All of the mentioned changes must be addressed by renewing credentials as outlined
in the next section.
One particular special change which is mistakenly mentioned to invalidate Trusted
Credentials though is environmental. The Trusted Credentials are stored encrypted.
The key used to encrypt them is generated when starting up Content Manager and is
used throughout the IBM Cognos 8 System. This key is called CSK and is stored in
Content Store. It has been mentioned to some that if a new instance of the CSK is
created because of a change of JRE used to run Cognos this would render TCs
invalid. This is not correct.
If the CSK used to crypt the Trusted Credential is lost the credential cannot be
decrypted any longer. However, Content Store will keep historic instances of CSKs
and such be able to decrypt TCs. The key can only get lost through malfunction or
re-creation of Content Store DB which implies all content is lost anyway. A full
Content Store export will contain CSKs so the deployment will work as well.
5 Reactive Solution Best Practices
5.1 User has been deleted from the authentication source
If for some reason a user has been deleted from an authentication source before his
Cognos application contents have been saved or backed up those contents will be
inaccessible. Since the user has been deleted from the namespace there’s no way to
get to his profile through the UI, not even for an administrator. The deletion will
affect MyFolder, Schedules and Reports this user has saved and Trusted Credentials
this user has granted. Finally permissions assigned to this user will refer to nowhere.
Trusted Credentials
Trusted Credentials are saved as part of the account object (“profile”) and hence will
get removed along with the account object when a Content Maintenance task of type
Namespace check is run in “Find and Fix” mode. The trusted credentials are invalid
anyway because the user has been deleted from the authentication source.
Schedules
It’s very easy to find the orphaned schedules of a user. Simply go to Cognos
Administration -> Status Tab -> Schedules option in the left hand side menu. All
Schedules with a value of “Unavailable” or some system date in the “Scheduled by”
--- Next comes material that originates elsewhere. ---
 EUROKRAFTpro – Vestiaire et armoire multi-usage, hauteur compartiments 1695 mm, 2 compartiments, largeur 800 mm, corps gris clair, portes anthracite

column are orphaned and can be removed or disabled at least.
There is a technote providing an SDK to automate this task
Technote 1346334 – retrieve list of scheduled jobs
MyFolder
The most comfortable way to rescue the MyFolder contents of that deleted user is by
leveraging the Cognos SDK. The following Technotes describe ways to re-gain the
objects. Please note, that those Technotes contain sample code only which is not
supported but can be used to create own programs which suite the needs of the
environment.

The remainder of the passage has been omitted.